__Directions for this task__
With pictures removed, the data below should be returned exactly.

__Collected data__

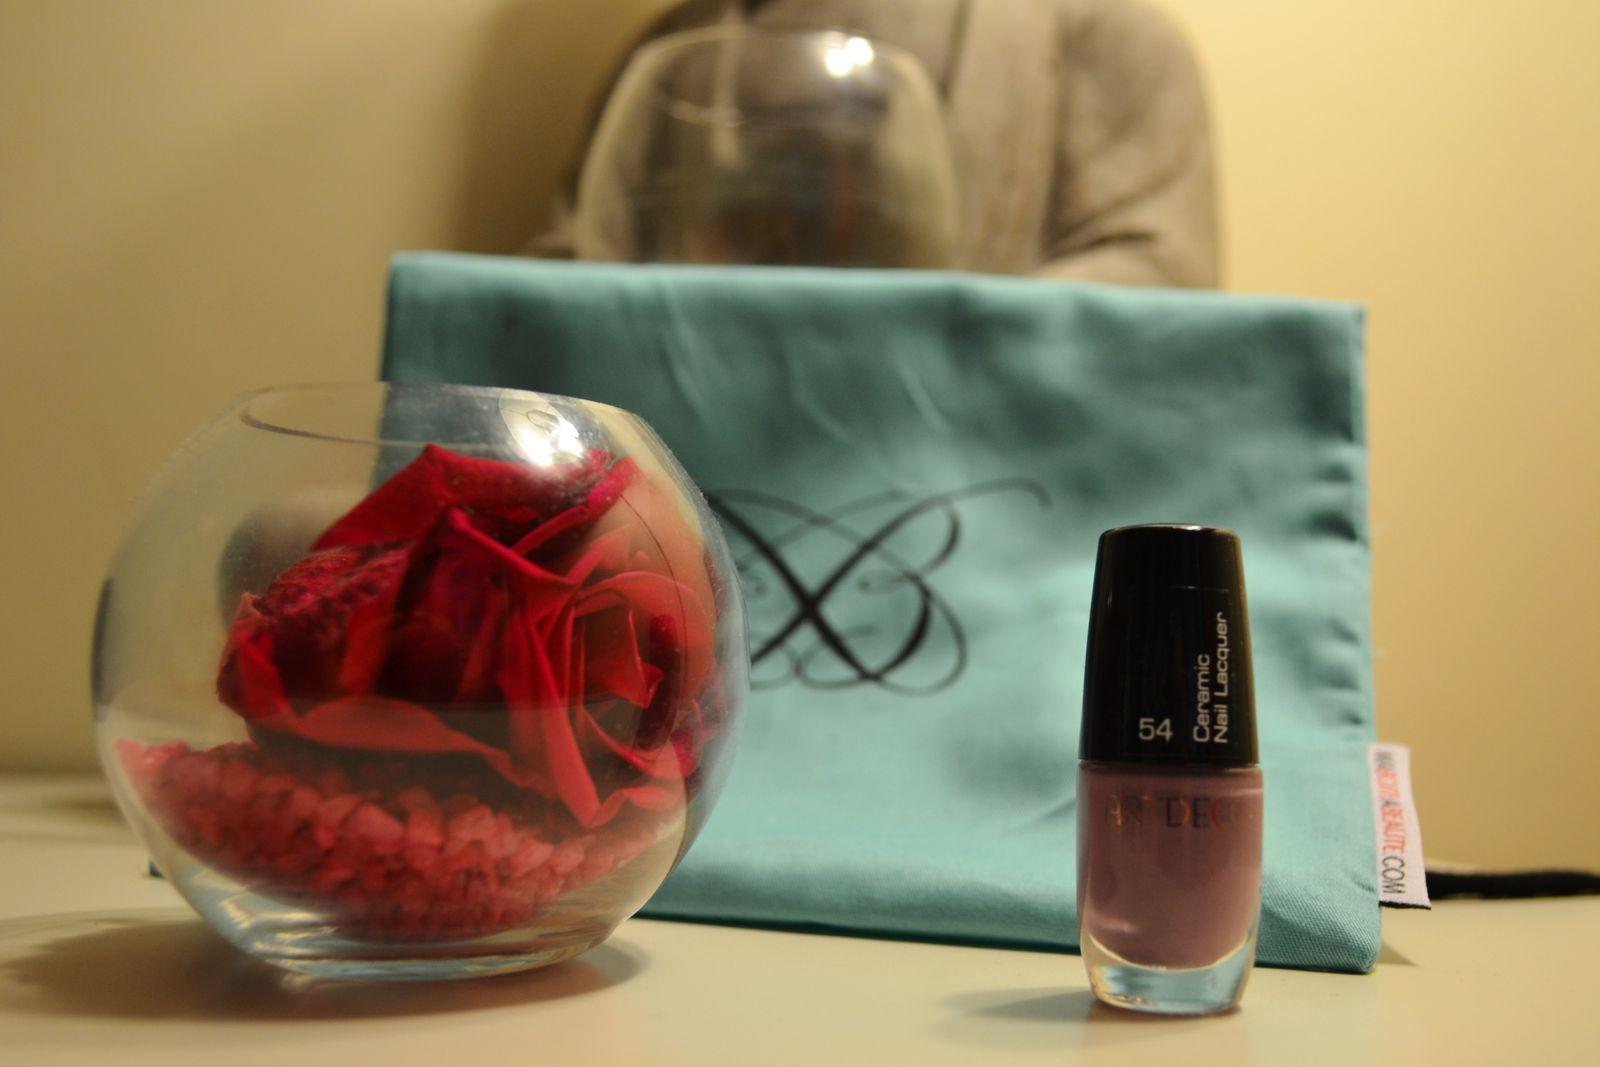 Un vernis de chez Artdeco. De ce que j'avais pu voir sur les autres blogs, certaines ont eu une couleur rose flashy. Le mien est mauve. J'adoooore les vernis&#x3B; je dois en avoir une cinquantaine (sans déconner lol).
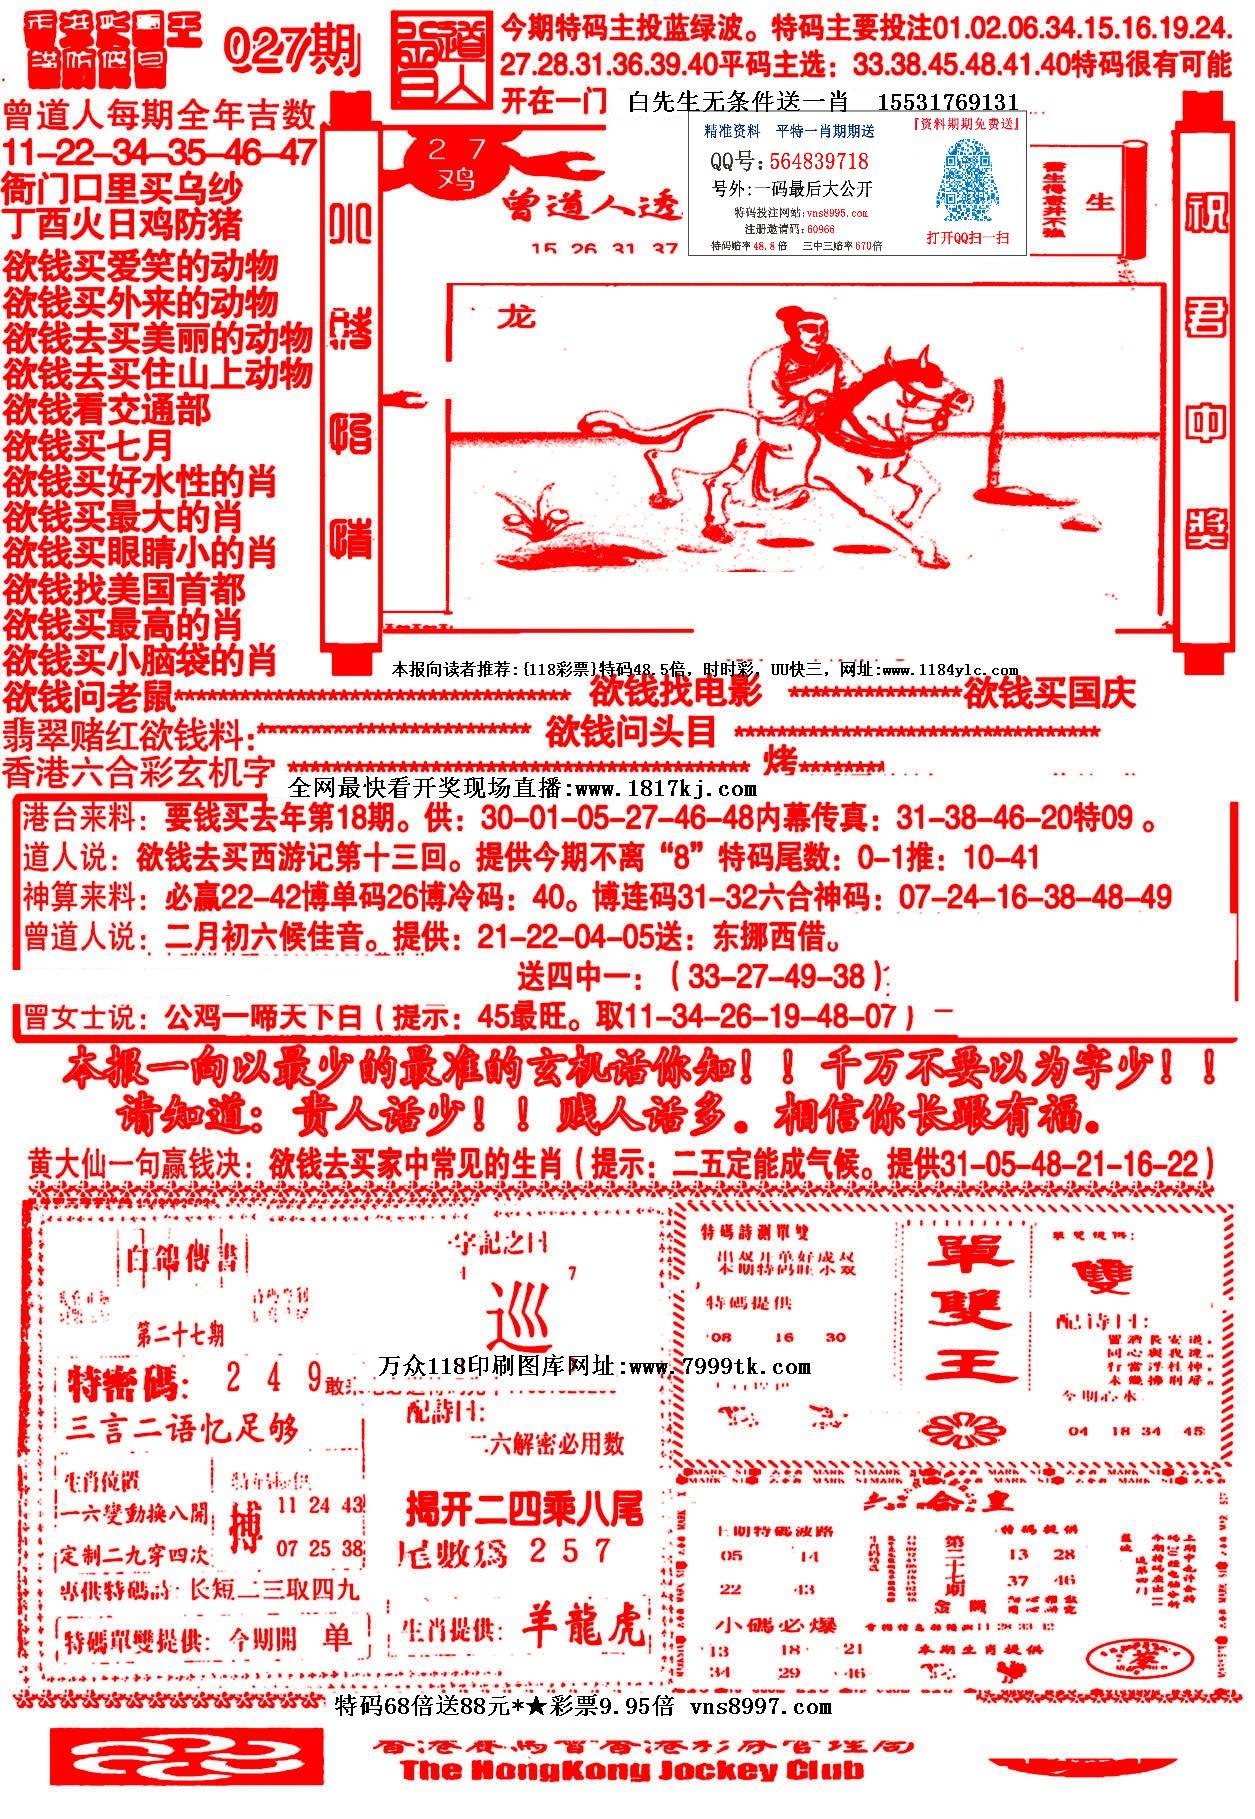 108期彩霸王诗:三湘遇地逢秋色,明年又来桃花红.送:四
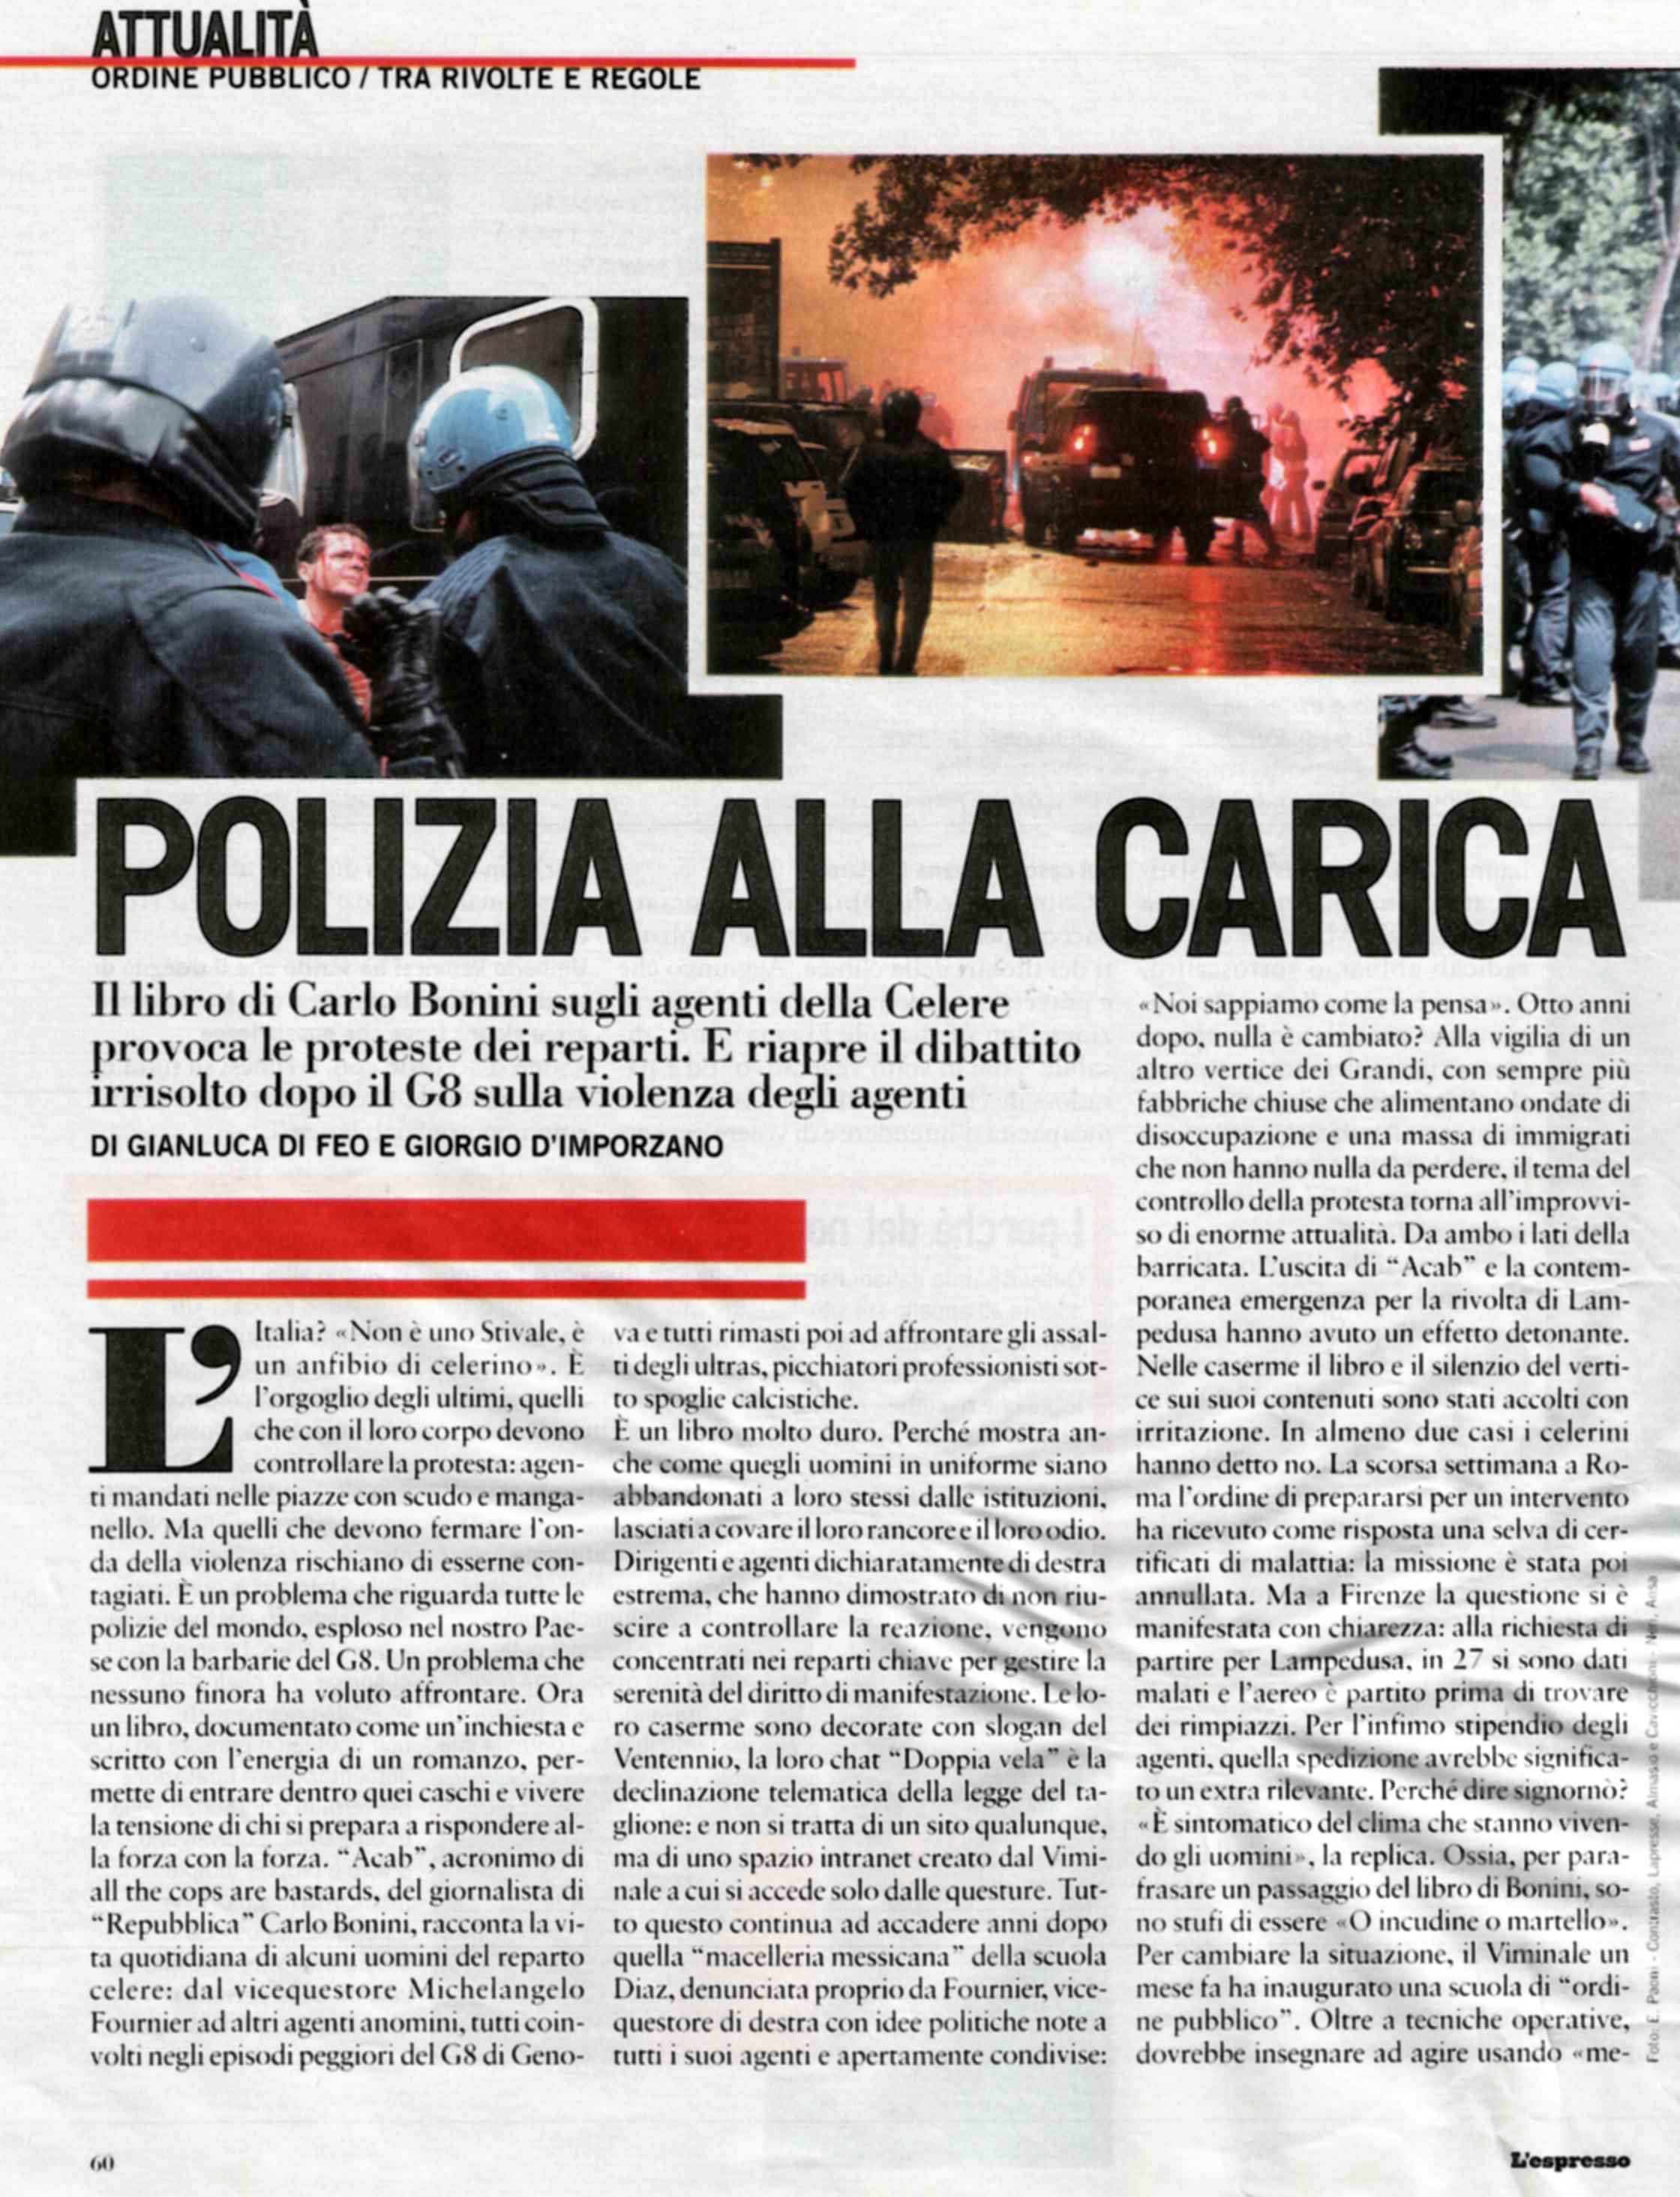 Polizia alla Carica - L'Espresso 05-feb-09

__Response__
 Un vernis de chez Artdeco. De ce que j'avais pu voir sur les autres blogs, certaines ont eu une couleur rose flashy. Le mien est mauve. J'adoooore les vernis&#x3B; je dois en avoir une cinquantaine (sans déconner lol).
 108期彩霸王诗:三湘遇地逢秋色,明年又来桃花红.送:四
 Polizia alla Carica - L'Espresso 05-feb-09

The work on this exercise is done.